TASK DIRECTIONS
When you transcribe the records that follow, reproduce each line exactly as given.

PROVIDED RECORDS
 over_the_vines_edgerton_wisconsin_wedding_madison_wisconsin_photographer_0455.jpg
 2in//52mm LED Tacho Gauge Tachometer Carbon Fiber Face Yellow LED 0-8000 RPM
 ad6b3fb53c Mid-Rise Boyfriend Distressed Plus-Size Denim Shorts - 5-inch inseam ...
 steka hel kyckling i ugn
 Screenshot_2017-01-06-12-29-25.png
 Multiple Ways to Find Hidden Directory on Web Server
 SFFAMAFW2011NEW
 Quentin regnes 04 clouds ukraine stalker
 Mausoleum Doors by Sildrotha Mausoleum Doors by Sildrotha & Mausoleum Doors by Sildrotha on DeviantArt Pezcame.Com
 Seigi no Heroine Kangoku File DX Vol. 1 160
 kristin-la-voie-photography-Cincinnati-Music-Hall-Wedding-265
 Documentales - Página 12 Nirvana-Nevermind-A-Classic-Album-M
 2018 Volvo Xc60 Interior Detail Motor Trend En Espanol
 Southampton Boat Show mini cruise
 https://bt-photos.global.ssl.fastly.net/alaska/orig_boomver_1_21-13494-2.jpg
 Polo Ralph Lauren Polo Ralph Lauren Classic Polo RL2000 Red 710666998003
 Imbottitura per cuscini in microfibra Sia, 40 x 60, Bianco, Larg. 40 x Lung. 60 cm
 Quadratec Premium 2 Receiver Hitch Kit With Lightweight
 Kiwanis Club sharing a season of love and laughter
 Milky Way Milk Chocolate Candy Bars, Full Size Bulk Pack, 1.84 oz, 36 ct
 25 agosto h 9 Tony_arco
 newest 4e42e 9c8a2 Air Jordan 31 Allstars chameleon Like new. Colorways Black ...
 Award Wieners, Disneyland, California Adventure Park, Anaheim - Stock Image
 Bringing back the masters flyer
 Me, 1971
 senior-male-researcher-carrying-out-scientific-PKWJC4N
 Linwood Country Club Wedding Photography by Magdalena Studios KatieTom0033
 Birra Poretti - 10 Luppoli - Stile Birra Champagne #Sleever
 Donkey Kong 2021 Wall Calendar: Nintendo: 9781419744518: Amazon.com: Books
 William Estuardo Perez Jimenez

RESPONSE TO THIS TASK
 over_the_vines_edgerton_wisconsin_wedding_madison_wisconsin_photographer_0455.jpg
 2in//52mm LED Tacho Gauge Tachometer Carbon Fiber Face Yellow LED 0-8000 RPM
 ad6b3fb53c Mid-Rise Boyfriend Distressed Plus-Size Denim Shorts - 5-inch inseam ...
 steka hel kyckling i ugn
 Screenshot_2017-01-06-12-29-25.png
 Multiple Ways to Find Hidden Directory on Web Server
 SFFAMAFW2011NEW
 Quentin regnes 04 clouds ukraine stalker
 Mausoleum Doors by Sildrotha Mausoleum Doors by Sildrotha & Mausoleum Doors by Sildrotha on DeviantArt Pezcame.Com
 Seigi no Heroine Kangoku File DX Vol. 1 160
 kristin-la-voie-photography-Cincinnati-Music-Hall-Wedding-265
 Documentales - Página 12 Nirvana-Nevermind-A-Classic-Album-M
 2018 Volvo Xc60 Interior Detail Motor Trend En Espanol
 Southampton Boat Show mini cruise
 https://bt-photos.global.ssl.fastly.net/alaska/orig_boomver_1_21-13494-2.jpg
 Polo Ralph Lauren Polo Ralph Lauren Classic Polo RL2000 Red 710666998003
 Imbottitura per cuscini in microfibra Sia, 40 x 60, Bianco, Larg. 40 x Lung. 60 cm
 Quadratec Premium 2 Receiver Hitch Kit With Lightweight
 Kiwanis Club sharing a season of love and laughter
 Milky Way Milk Chocolate Candy Bars, Full Size Bulk Pack, 1.84 oz, 36 ct
 25 agosto h 9 Tony_arco
 newest 4e42e 9c8a2 Air Jordan 31 Allstars chameleon Like new. Colorways Black ...
 Award Wieners, Disneyland, California Adventure Park, Anaheim - Stock Image
 Bringing back the masters flyer
 Me, 1971
 senior-male-researcher-carrying-out-scientific-PKWJC4N
 Linwood Country Club Wedding Photography by Magdalena Studios KatieTom0033
 Birra Poretti - 10 Luppoli - Stile Birra Champagne #Sleever
 Donkey Kong 2021 Wall Calendar: Nintendo: 9781419744518: Amazon.com: Books
 William Estuardo Perez Jimenez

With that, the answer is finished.